The astute reader will wonder why Dominion didn’t just change its Green Power Program to a Virginia solar program, something it could do through the State Corporation Commission without new legislation. If any astute reader figures that out, please let me know, because I’ve been wondering about it for years.

Regardless, the Rubin bill holds promise as an option for customers who can’t put solar on their own rooftops. It would mean more solar projects get built in Virginia, creating jobs and bringing new economic development to localities across the state. It would decrease demand for dirty power and possibly persuade our utilities that the future really does lie with solar, not with fracked gas.

Calling it community solar seems unwise, however. Virginians are wary of a bait-and-switch from a utility with a long history of promising the moon and delivering green cheese.

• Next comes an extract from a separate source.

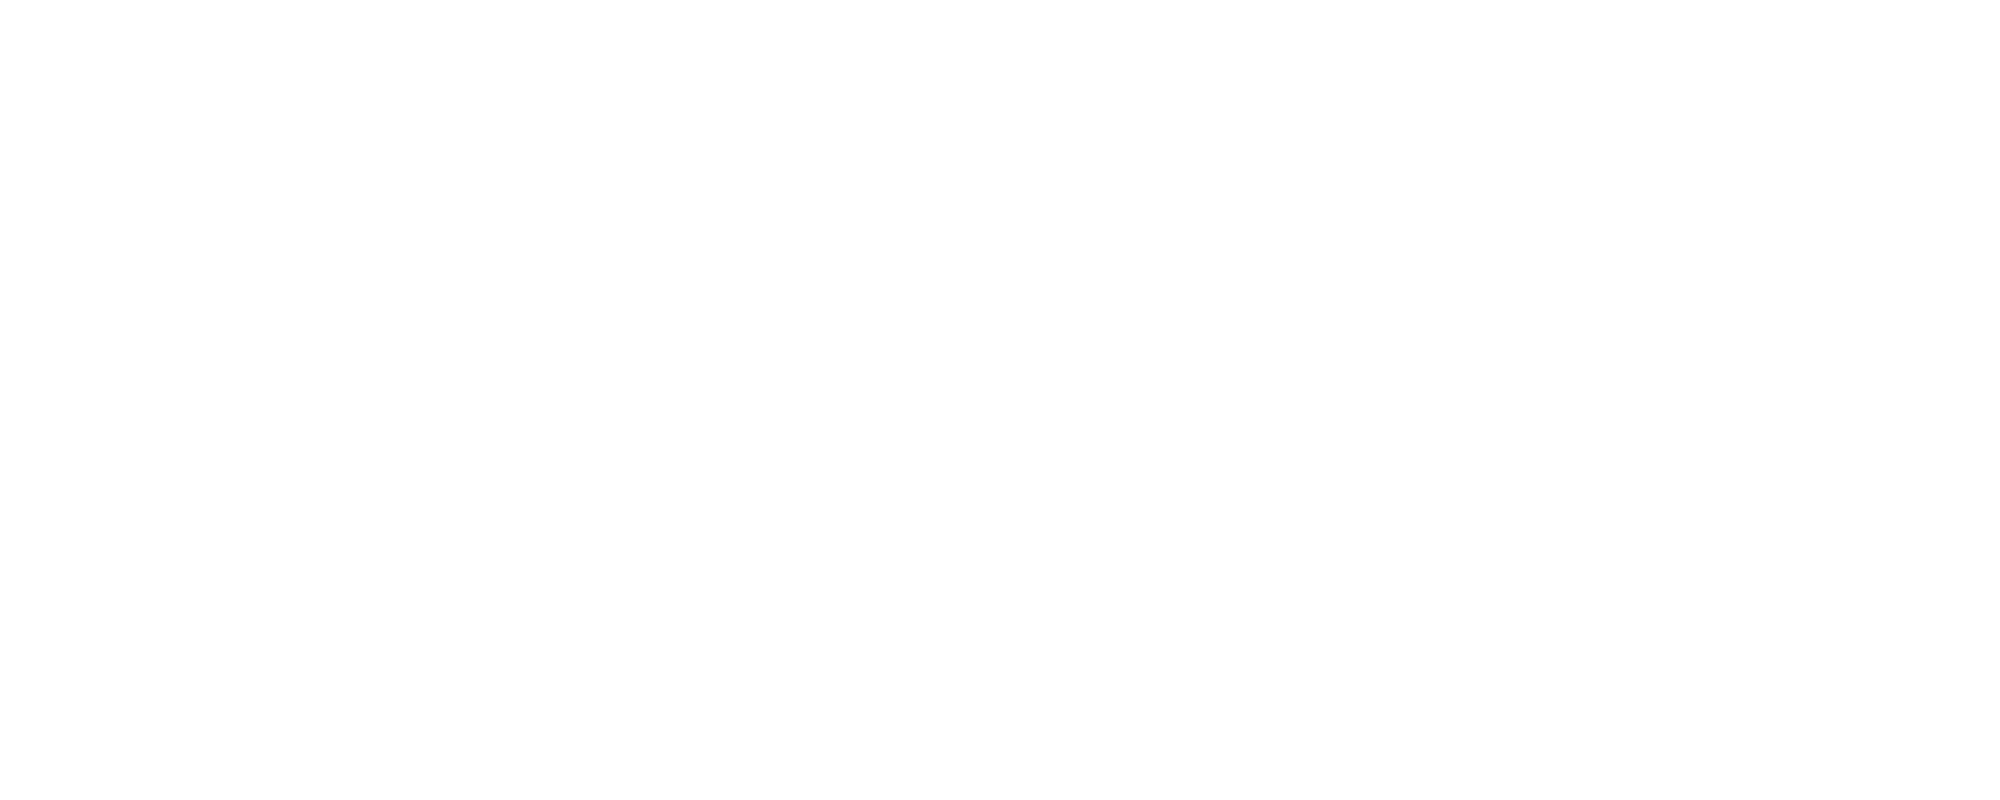 OVATION TV’S OPEN LETTER TO CONGRESS
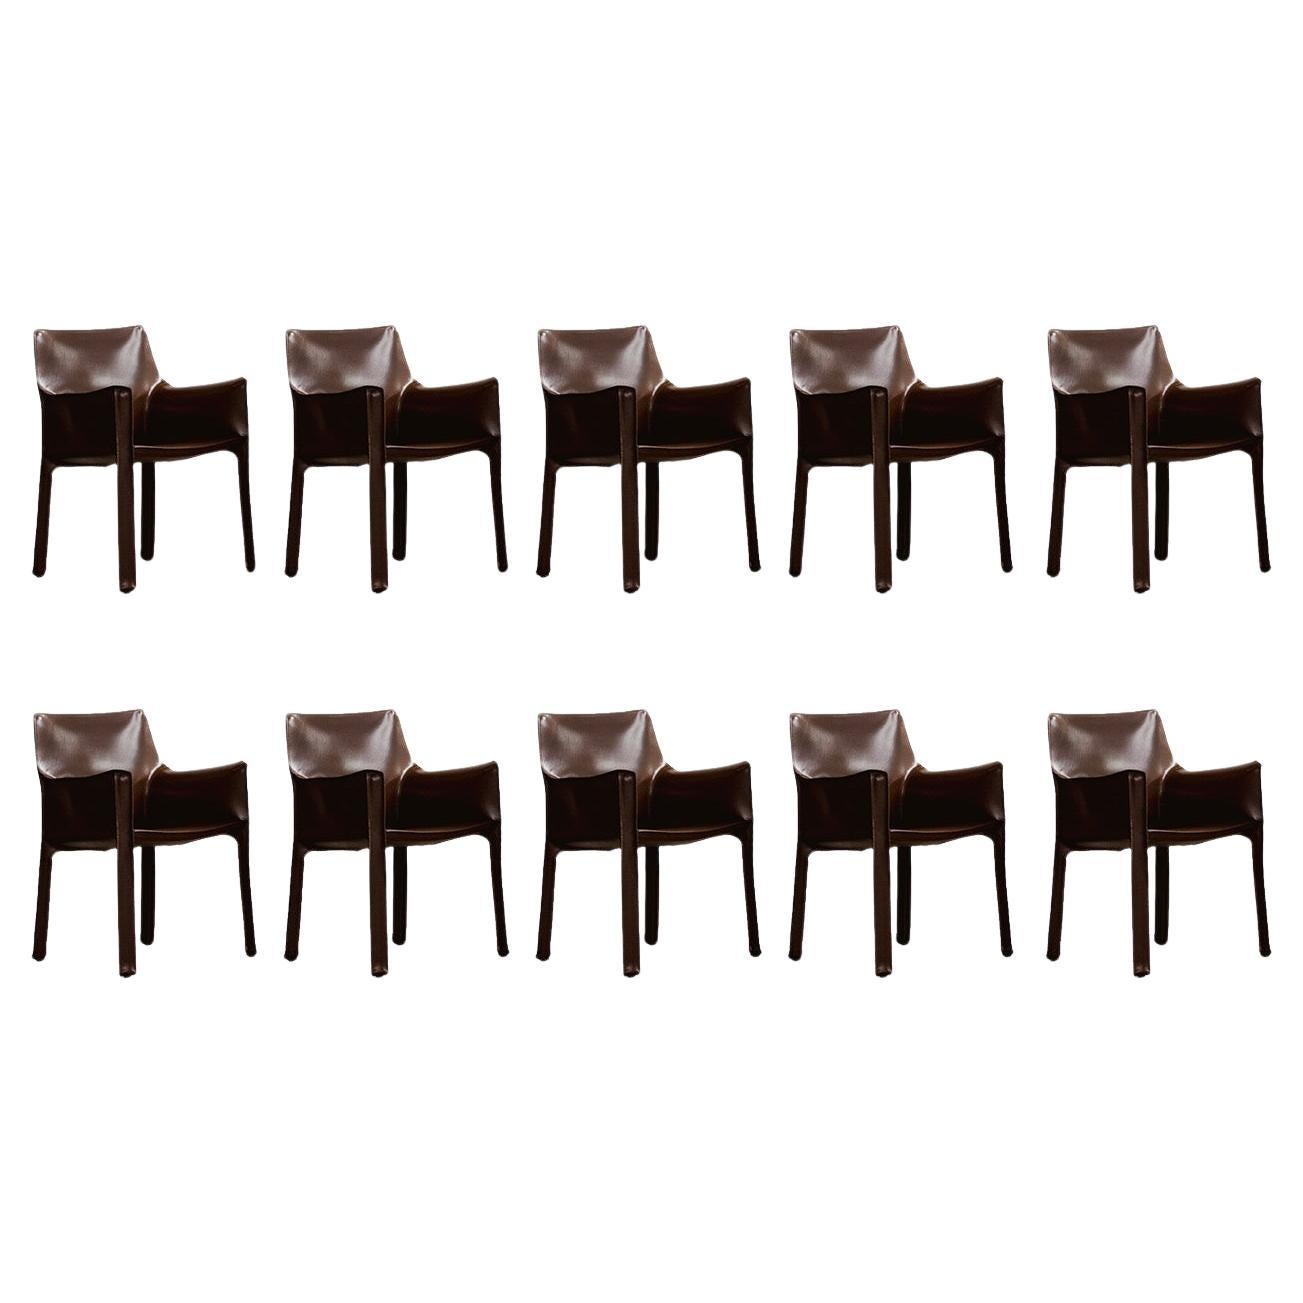 Mario Bellini "CAB 413" Chairs for Cassina in Dark Brown, 1977, Set of 10 For Sale

For real community solar, we will have to look to legislation developed by the Virginia Distributed Solar Collaborative. This broad-based group of solar stakeholders includes consumers, local government employees and environmentalists as well as solar industry representatives (but not utilities). The Collaborative developed its own model bill this summer based on legislation from other states. The model bill gives much greater freedom to customers to cooperate in the development and ownership of renewable energy facilities for their own benefit. Customers don’t have to wait for their utility to choose a developer, and they can choose to own a share of a facility, not just buy some of the electricity generated. Utilities can own facilities, but so can non-profit or for-profit entities. Utilities are required to purchase the output of the community facilities, and to issue bill credits to its customers who are subscribers.

As a practical matter, members of the Virginia Distributed Solar Collaborative don’t expect the General Assembly to adopt their model instead of something that comes with the Dominion Power seal of approval. But it’s important for legislators to understand what the alternative looks like, and why their constituents may feel that a utility-operated program shouldn’t be the only option.